Site icon SumutPos

Pertama di Indonesia: Ivan jadi ‘Pengantin’ Belajar lewat Internet

Ivan Hasugian, pelaku percobaan bom bunuh diri di Gereja Katolik St Yosef Medan, Minggu (28/8/2016).
Ivan Hasugian, pelaku percobaan bom bunuh diri di Gereja Katolik St Yosef Medan, Minggu (28/8/2016).

JAKARTA, SUMUTPOS.CO – Tidak ada korban jiwa dari percobaan bom bunuh diri oleh Ivan Armadi Hasugian (18), Minggu (28/8). Hanya ada sedikit luka pada tangan kiri Pastor Albert Pandiangan. Namun, kejadian di Medan itu patut membuat kita miris. Sebab, Ivan berani menjadi “pengantin” bom bunuh diri konon hanya dengan otodidak melalui browsing di internet.

“Kasus Ivan adalah yang pertama di Indonesia. Seseorang belajar terorisme secara otodidak melalui internet,” kata Kepala Badan Nasional Penanggulangan Terorisme (BNPT) Komjen Suhardi Alius kepada Jawa Pos kemarin (29/8).

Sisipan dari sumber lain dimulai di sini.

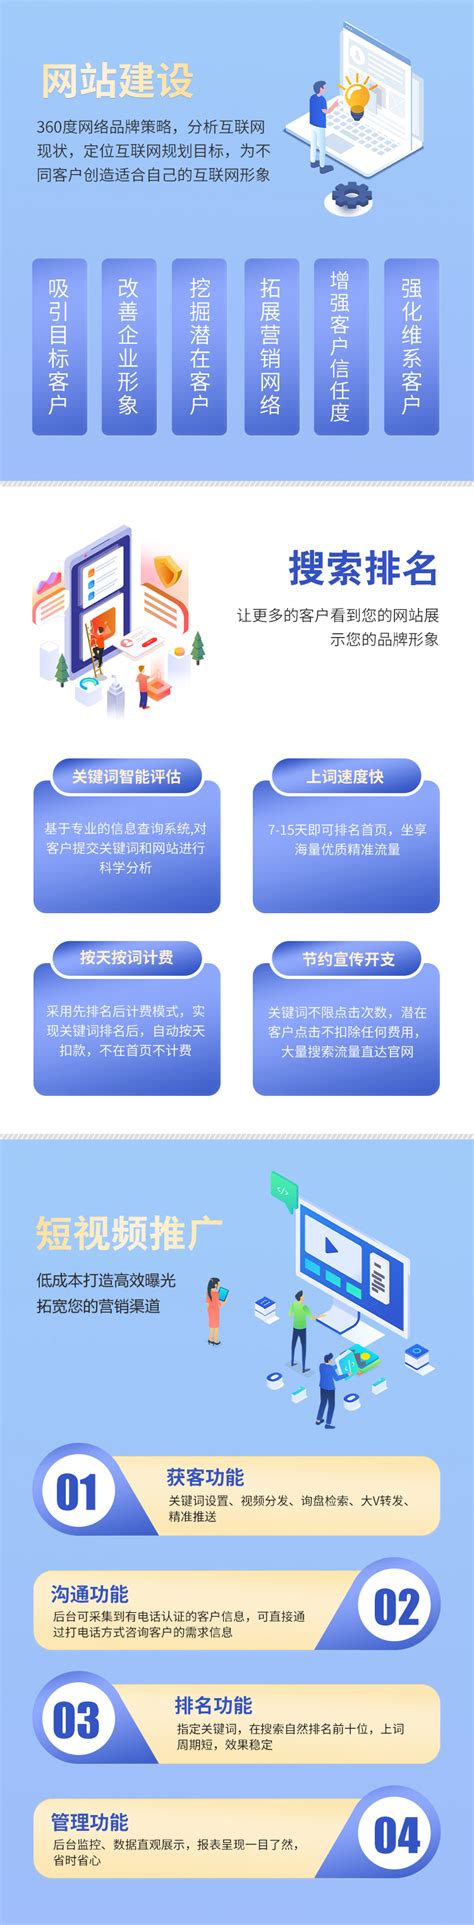 广东网络推广服务机构

“Semua orang bisa menjadi seperti Ivan. Kita semua harus waspada,” lanjutnya.

Ivan berusaha melakukan aksi bom bunuh diri di Gereja Katolik Stasi Santo Yosep Minggu lalu (28/8). Namun, bom yang dia bawa tidak meledak. Hanya mengeluarkan percikan yang mirip dengan kembang api. Dia lantas menyerang Albert dengan pisau. Aksi itu dihentikan para jemaat. Mereka berhasil melumpuhkan Ivan.

Dari pemeriksaan Ivan selama sehari di Polda Sumut, didapati temuan yang mencengangkan itu. Seorang anak berusia 18 tahun seperti Ivan terbaiat menjadi teroris hanya dari browsing internet. Mulai doktrinasi, cara beroperasi, hingga cara membuat bom, semuanya dipelajari dari internet. Tidak ada seorang pun yang mengajarinya!
Suhardi menyatakan, Ivan sempat mengaku bertemu dengan orang yang tidak dikenal. Namun, pengakuan itu diragukan. “Kami sudah cek, tapi tidak spesifik,” ucapnya.

Awalnya, Ivan mendapat akses internet dari warung internet milik kakaknya. Dia lantas memperoleh informasi soal Islamic State of Iraq and Syria (ISIS). Dari informasi itu, dia kagum kepada pemimpin ISIS Abu Bakr Al Baghdadi. “Makanya, ada simbol bendera ISIS yang dibuat sendiri,” ungkap Suhardi.

Cara membuat bom pun didapatkan Ivan dari internet. Suhardi menyebutkan, sejumlah situs mengajarkan perbuatan berbahaya itu. Bahan-bahan yang ditemukan di kamar Ivan identik dengan bahan-bahan yang dibutuhkan untuk membuat bom seperti yang diajarkan di internet.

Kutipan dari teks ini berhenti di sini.